The 19th Century Terraced House
Examines the 19th century terraced house, exploring the various forms.
The Georgian idea of treating a row of houses as if it were a palace front, giving the central houses columned fronts under a shared pediment, appeared first in London’s Grosvenor Square (1727 onwards; rebuilt) and in Bath’s Queen Square (1729 onwards). Early terraces were also built by the two John Woods in Bath and under the direction of John Nash in Regent’s Park, London, and the name was picked up by speculative builders like Thomas Cubitt and soon became commonplace. It is far from being the case that terraced houses were only built for people of limited means, and this is especially true in London, where some of the wealthiest people in the country owned terraced houses in locations such as Belgrave Square and Carlton House Terrace.
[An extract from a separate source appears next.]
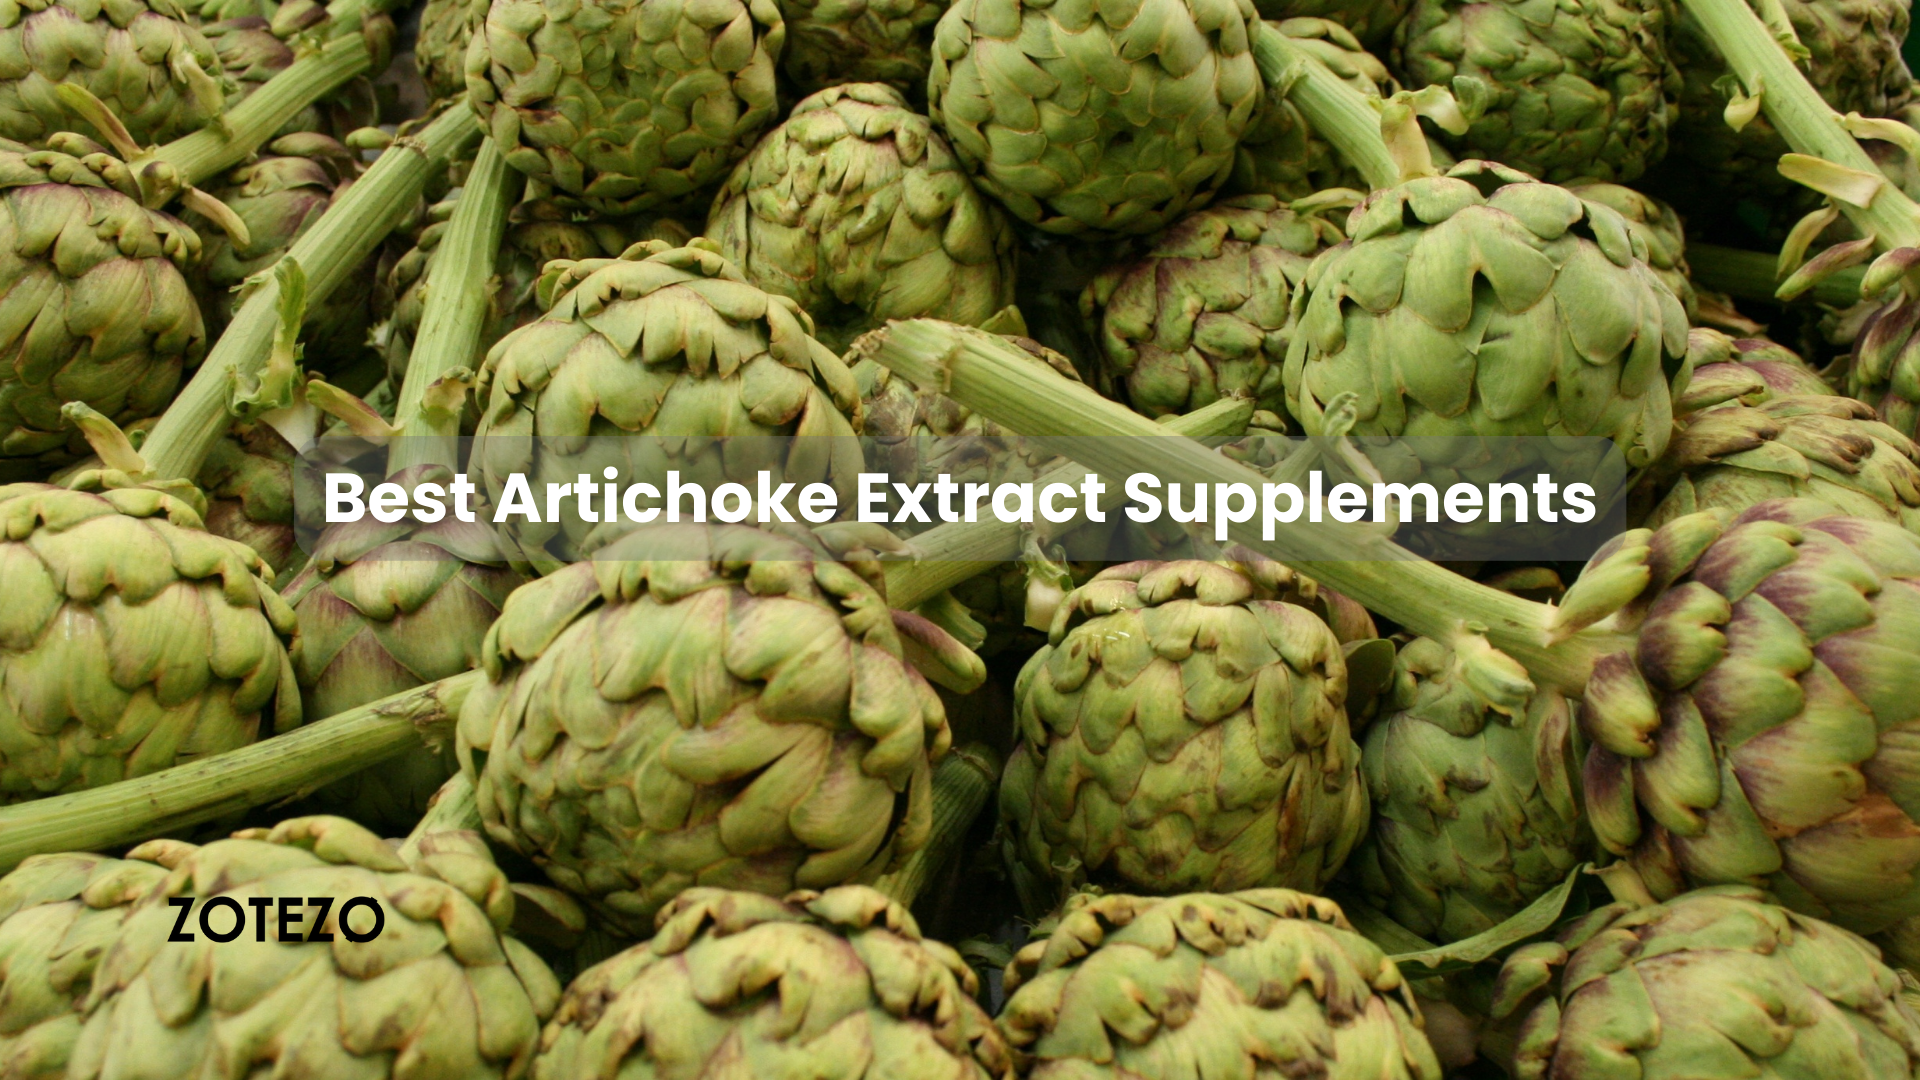 Artichoke Extract Supplements in USA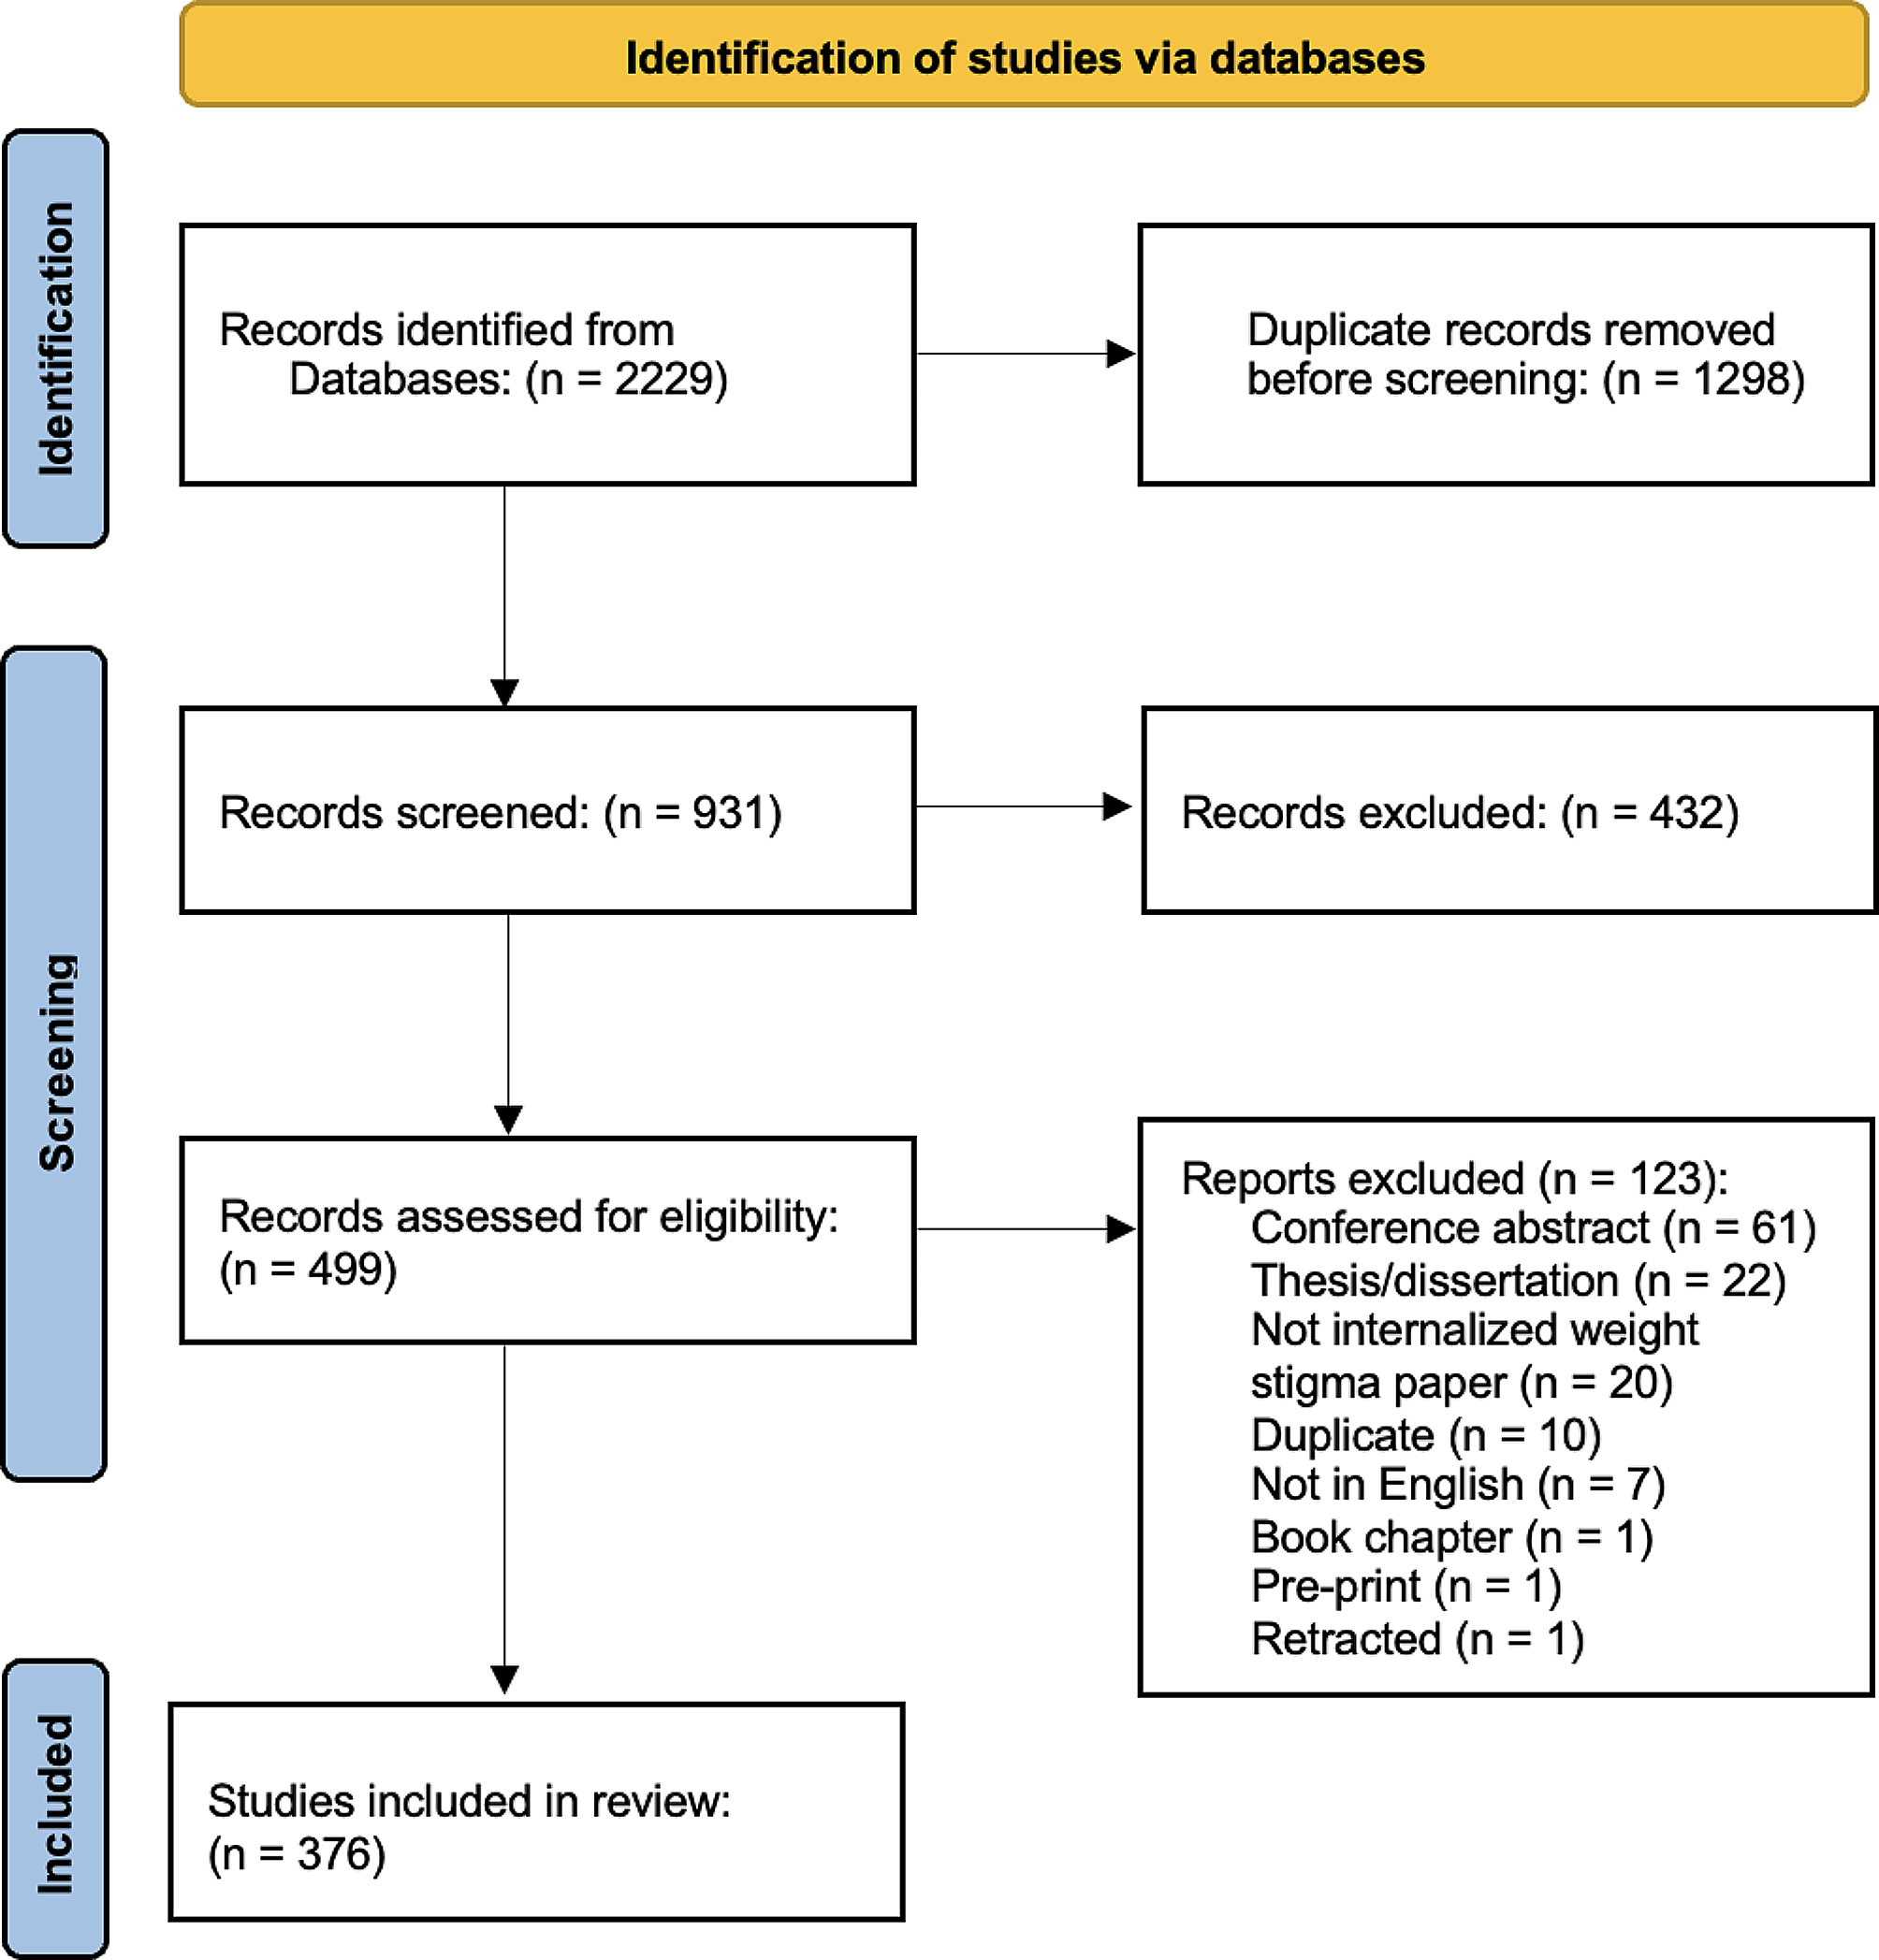 Current trends and future directions in internalized weight stigma research: a scoping review and synthesis of the literature

During the Industrial Revolution Britain became the world’s first industrial power. This had major social consequences. Britain’s towns and cities expanded dramatically as people flooded in looking for work. The great influx of people created a demand for housing that far exceeded the existing supply, resulting in huge overcrowding. However, the Victorians passed a series of social reforms to mitigate the effects. Faced with the problem of housing the new industrial classes, terraced housing developed as a solution to the overcrowding. Terraced housing consists of long rows of small houses of repeating design. Each house shares a wall with the two neighbouring houses – this was economical because it saved materials.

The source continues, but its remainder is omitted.